Capitalism in space: In a letter sent to the FCC, SpaceX has revealed that it has revised its plans for launching the second generation of Starlink satellites, and has decided to launch them with both Falcon 9 and Starship rockets.
SpaceX has decided to use a mix of Falcon 9 and Starship rockets to launch the 30,000 satellites in its proposed second-generation Starlink broadband constellation. Launching some of the satellites with SpaceX’s “tested and dependable Falcon 9” will accelerate the constellation’s deployment to improve Starlink services. SpaceX director of satellite policy David Goldman wrote in an Aug. 19 letter to the Federal Communications Commission. Goldman did not say when SpaceX could start launching the second-generation constellation, which remains subject to FCC approval.

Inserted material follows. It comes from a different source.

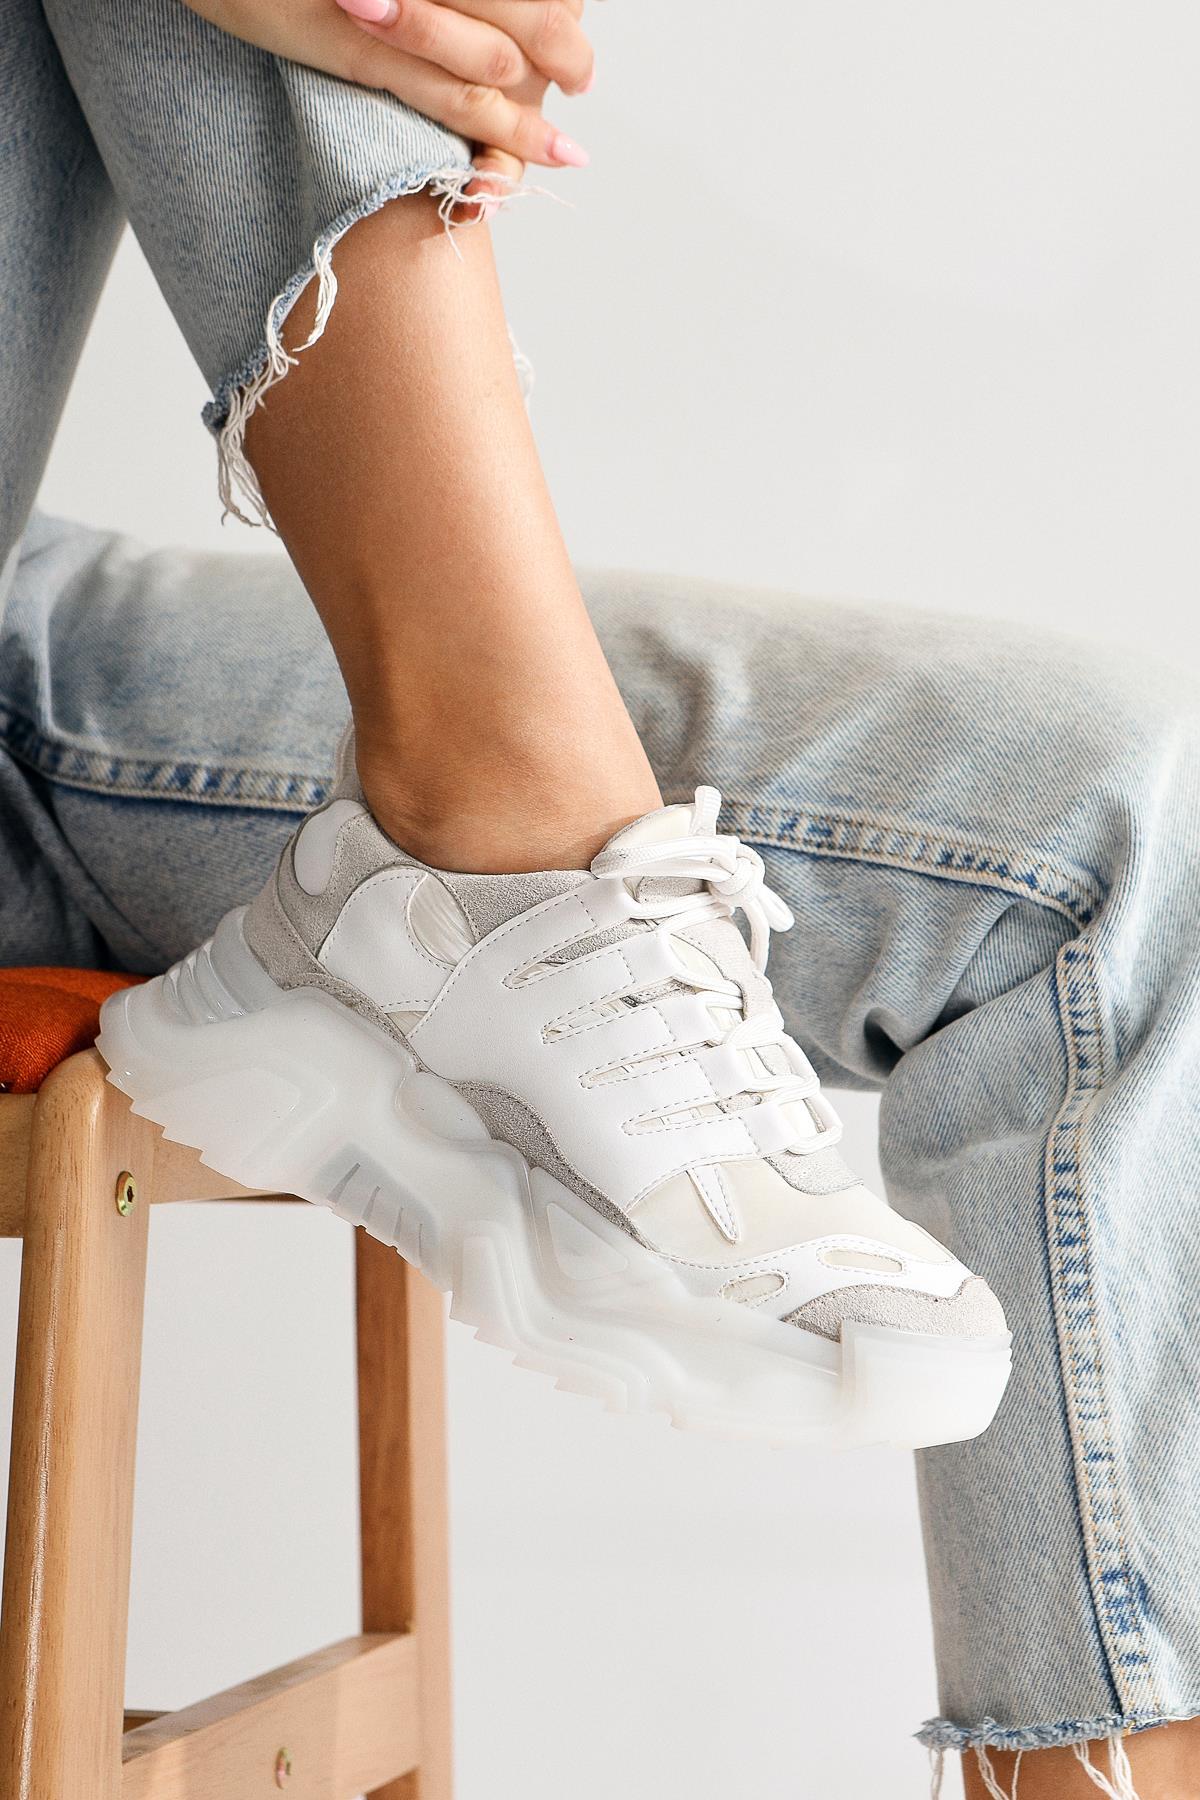 Willa Beyaz Gri Comfort Taban Spor Ayakkabı | Limoya.com ile Modayı Keşfet!

Previously the company’s plan had been to use Starship only, essentially retiring Falcon 9 once Starship was flying. This change could be for two fundamental reasons. First, the company has been launching Starlinks on Falcon 9 like clockwork this year, at a pace that could launch as many as 2,500 Starlink satellites in 2022 alone. With about 70% of that rocket reusable, it might now seem cost effective to continue to use it, even after Starship is flying.
The second reason is more worrisome, and has to do with Starship itself. SpaceX officials might now realize that the delays being imposed by the federal regulatory leviathan on Starship development might be significant enough that it won’t be ready when they need it for the full deployment of Starlink’s second generation constellation. If the FCC approves that deployment (an approval that is presently pending), SpaceX will have to launch at least half the full constellation of 30,000 satellites by around 2024 (thought that date might have been revised slightly).
It now might be necessary to use Falcon 9, because the federal government under Biden is standing in the way of Starship development.
Of course, it is possible that the engineering challenge of building Starship might be another reason. SpaceX might have realized that the rocket will be delayed anyway, and thus needs Falcon 9 to meet its timetable as promised to the FCC.